1. Field of the Invention
This invention relates generally to video signal decoding systems. More particularly, the present invention is concerned with a digital decoding system for decoding video signals which uses bi-orthogonal wavelet coding to decompress digitized video data.
2. Description of the Prior Art
There is currently a need for the reliable transmission and reception of real time television video and/or television sub video over a narrow bandwidth. For example, in the transmission of telemetry video data from a missile the telemetry channel may have a bandwidth of two megahertz or even substantially less than two megahertz.
Prior art methods and apparatus for compressing and subsequently decompressing real time video data include Adaptive Differential Pulse Code modulation (ADPCM), Joint Photography Experts Group (JPEG) and Motion Picture Experts Group (MPEG). These methods of encoding and then decoding real time video data are generally not capable of sufficient bandwidth reduction or are susceptible to excessive data loss in a noisy environment.

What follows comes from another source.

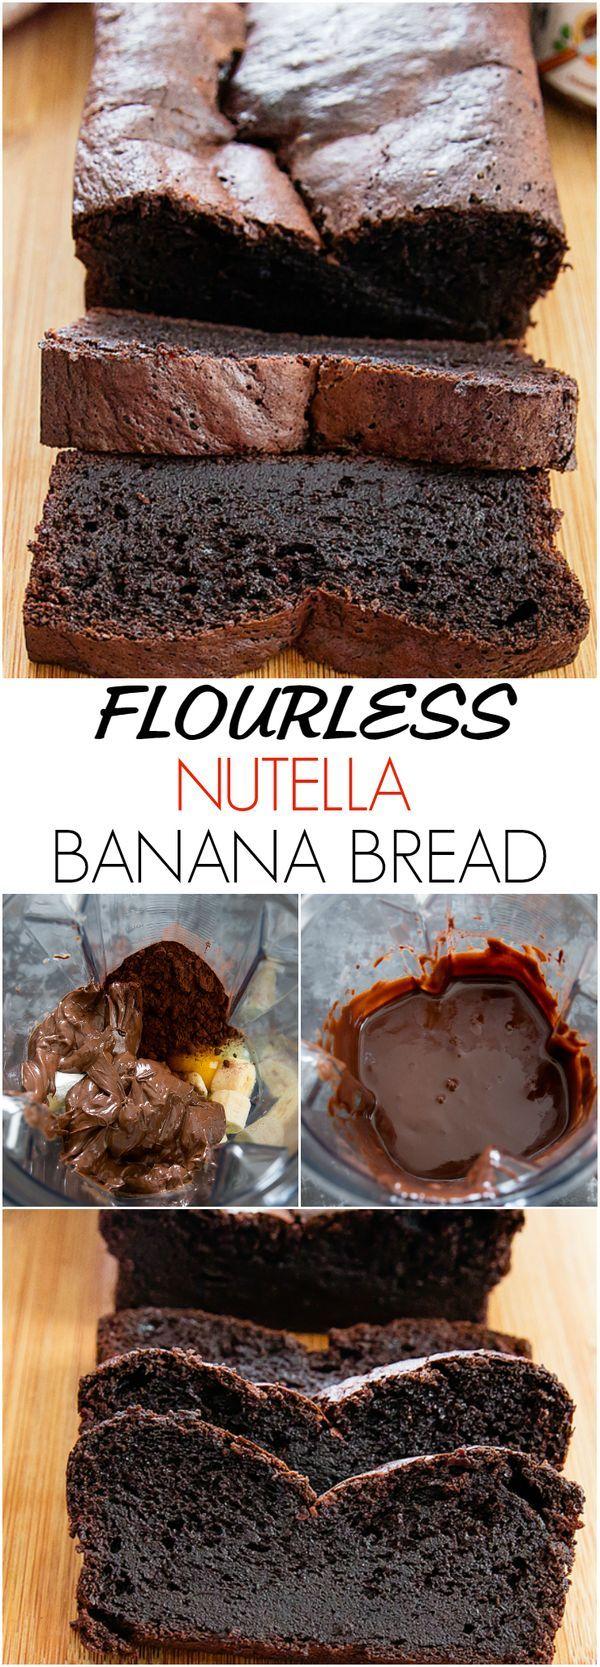 Flourless Nutella Banana Bread

For example, Adaptive Differential Pulse Code modulation, which is used by the International Range Instrumentation Group to transmit telemetry data, is noise immune, however, it is not capable of real time video data compression to allow accurate and reliable transmission of the data over a channel narrower than five megahertz. Even moderately complex video images overload an ADPCM encoder and its associated decoder causing it to lose fields and even multiple frames of video data.
Both Joint Photography Experts Group and Motion Picture Experts Group methods and encoders are capable of compressing and then decompressing real time video data sufficiently to allow the data to be transmitted-over a two megahertz channel, however, these methods and encoders are susceptible to noise. A single noise hit, for example, can cause the lose of an entire video field or even multiple fields. In addition, JPEG and MPEG encoding and subsequent decoding can distort an image with the random appearance of square blocks caused in a noisy environment by a reflection of eight by eight pixel discrete cosine transform used encode the video data.
Accordingly, there is a need for an encoder to accurately and reliably encode complex video data which will allow for its transmission over a bandwidth of two megahertz without distortion of the data caused by noise. There is also a need for a decoder which will accurately and reliably decode the encoded data when the data is received at its destination.
The present invention overcomes some of the disadvantages of the prior art including those mentioned above in that it comprises a highly reliable and effective video decoder for decompressing video data to allow the video data to be used to recreate highly accurate and detailed video images when the data is received and processed at its destination.
The video decoder of the present invention includes a programmable gate array which receives a serial data stream of compressed video data containing 32 bit data words. The programmable gate array converts the serial data stream of compressed video data to a parallel format comprising four eight bit bytes which are sequentially written into a multiformat video codec. The multiformat video codec is a video encoder/decoder optimized for real-time decompression of interlaced digital data. The decompression algorithm for the multiformat video codec is based on the bi-orthogonal (7,9) wavelet transform and implements field independent sub-band coding.
The programmable gate array includes a most significant sync word decoder for receiving and decoding a thirty two bit word of a Mallat block of video data. Whenever a thirty two bit word comprises thirty two logic ones the most significant sync word decoder decodes the word providing a logic one at its output.
The programmable gate array also includes a least significant sync word decode. Whenever the most significant sync word decoder provides a logic one at its output, the least significant sync word decoder will process the next word of the Mallat block to determine whether a Mallat block header is present. Whenever the least significant sync word decoder decodes and then provides at its output a logic one a Mallat block header is present.
The logic ones from the most and least significant sync word decoders are supplied to an AND gate which then generates a sync signal indicating the presence of a Mallat block of compressed video data. The sync signal is supplied to a read write controller and byte select controller within the programmable gate array. The byte select controller generates four sequential byte enable signals for each eight bit byte of a thirty two bit word to be written into codec, while the read write controller generates the write signals for writing the four data bytes into codec.
An eight bit serial to parallel shift register included in the programmable gate array converts the serial data stream of compressed video data into the eight bit bytes of compressed video data allowing the compressed video data to be written into the multiformat video codec. Control signals for the shift register are generated by the read write controller.